[Ger-Poland-Volhynia] German Dialect question
Günther Böhm
GHBoehm at ish.de
Sun Dec 30 03:12:05 PST 2012
Am 28.12.2012 21:51, schrieb DLPratt123 at aol.com:
> My grandparents surnamed Hirsekorn emigrated from Volhynia in 1906 and
> 1907. The birth certificate for their son (from the Polish Baptist church in
> Lucinow) is in Cyrillic, spelling the surname in a way that suggests that
> the s was pronounced like the s in English `vision' or `pleasure'. Do any of
> you know of a German dialect in which `Hirse' would have been so
> pronounced? (This would explain why others occasionally spelled the surname as
> Hirschkorn.)
>
> Dan Pratt
Hello Dan,
there are 5 events of the spelling HIRSCHEKORN in the German telephone register, in comparision to 271 events of HIRSEKORN.
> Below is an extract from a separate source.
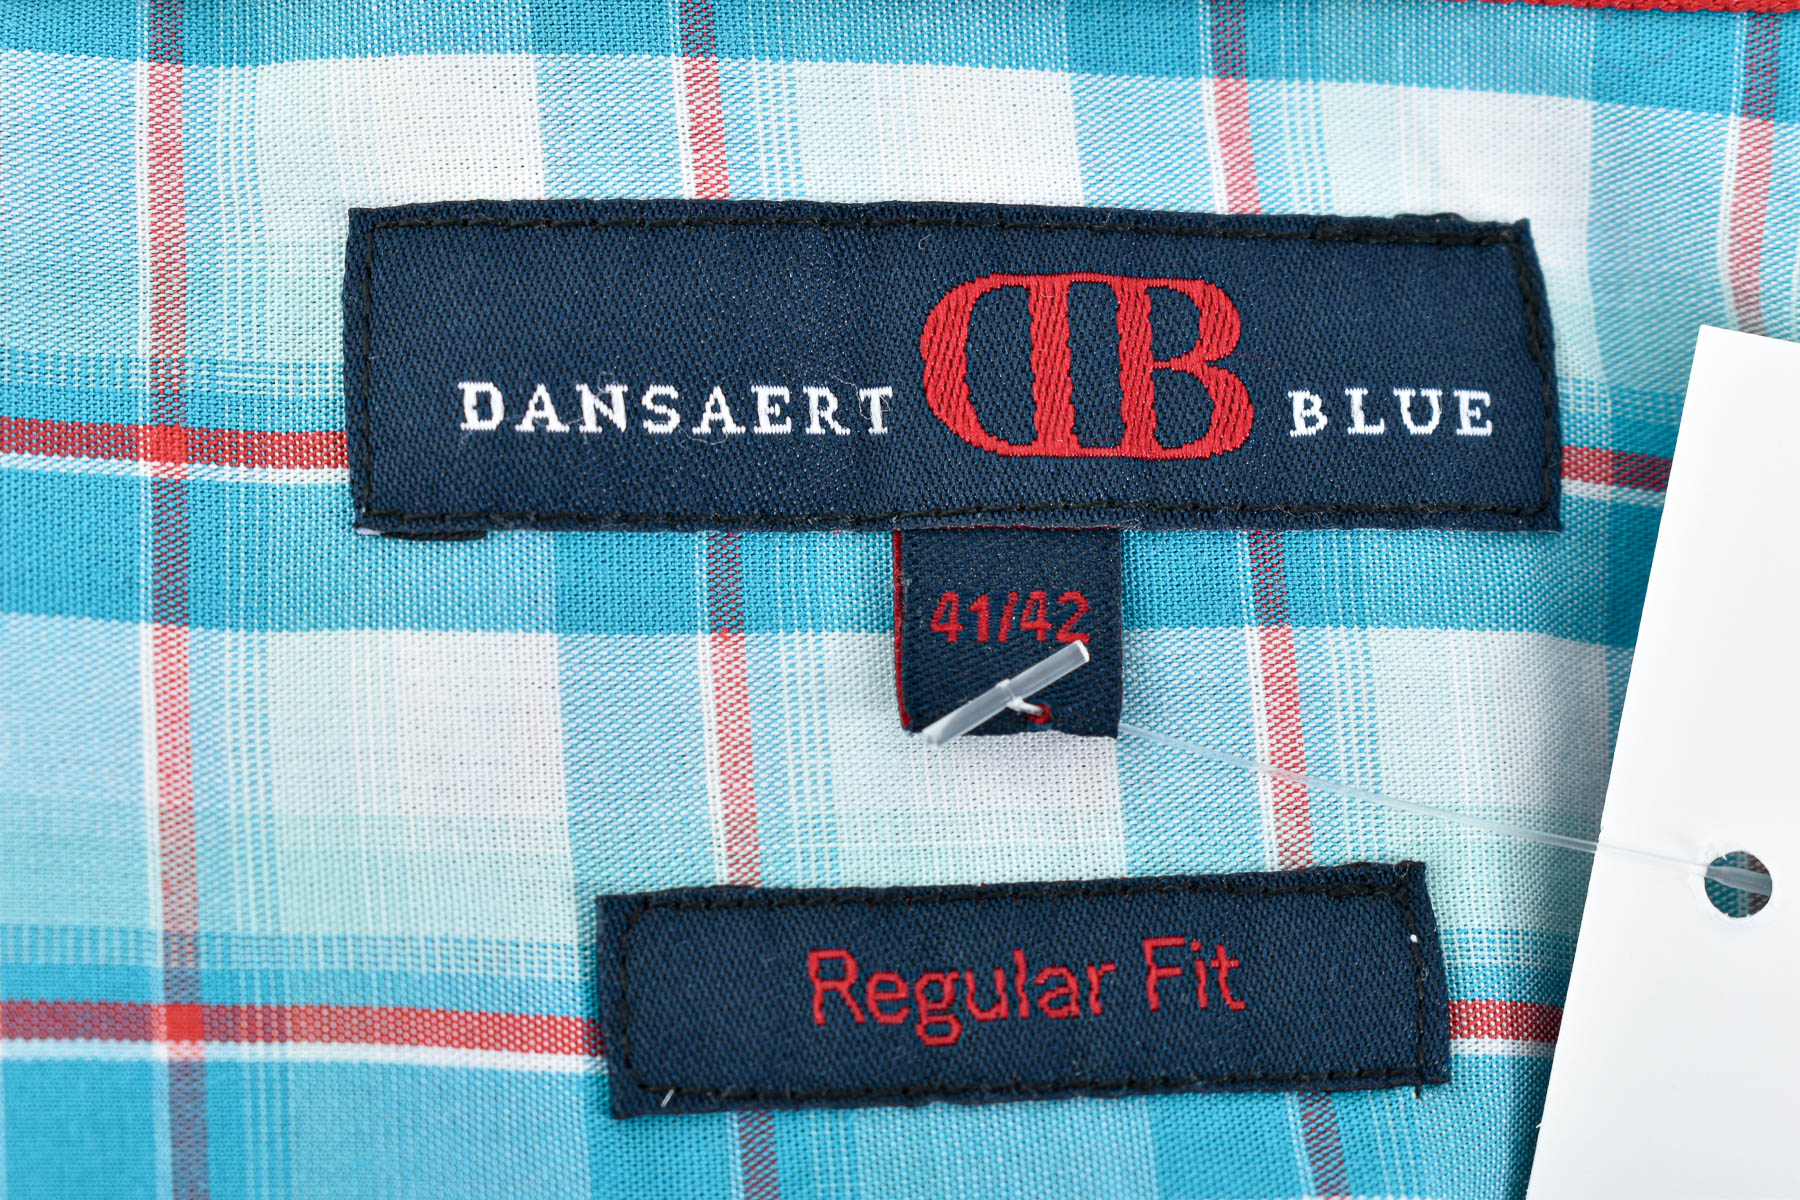 Men's shirt - DANSAERT BLUE - 2
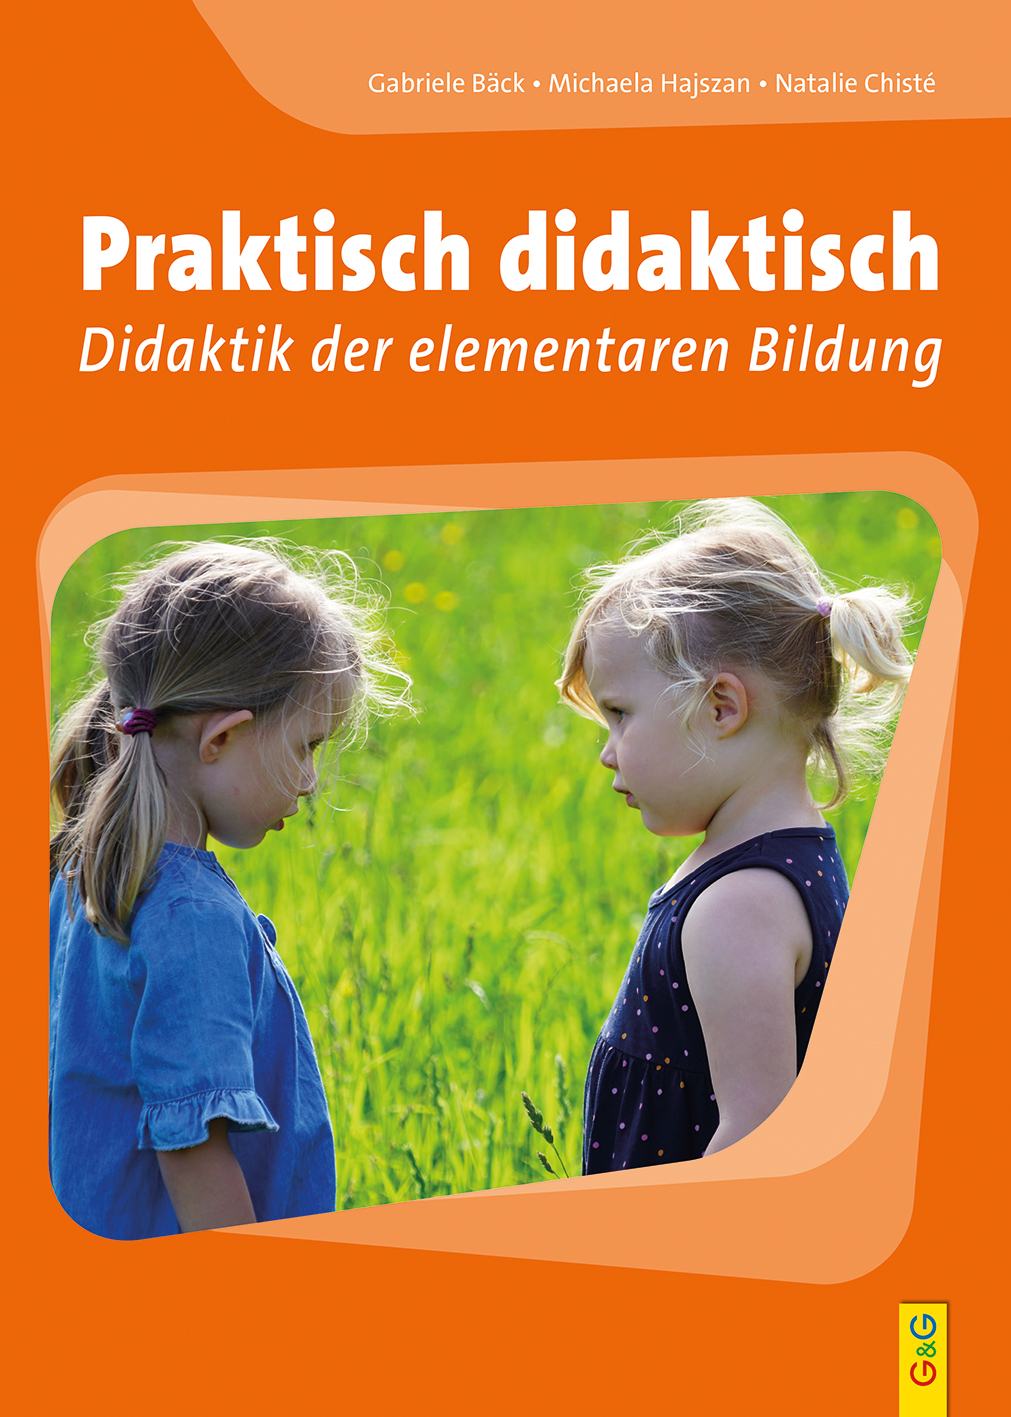 Praktisch didaktisch  Kinderbuch und Jugendbuchverlag G&G

Striking is that three of the HIRSCHEKORN are bearing the Russian given names Ludmilla, Wadim and Tatjana, and that
Tatjana's surname is elsewhere spelled HIRSEKORN.
In older books, I also found the spelling Hirschekorn for "grain of millet" (see in Google Books: Caspar Höffler,
Nikolaus Jacob : Die rechte Bienenkunst ; Leipzig 1619, p. 211, and Johann Friedrich Rübel : Merkwürdigkeiten aus dem
Reich der Natur ; Frankfurt / Leipzig 1762, p. 17).
The Russian spelling of the surname is Гирзекорн and it seems to be quite common.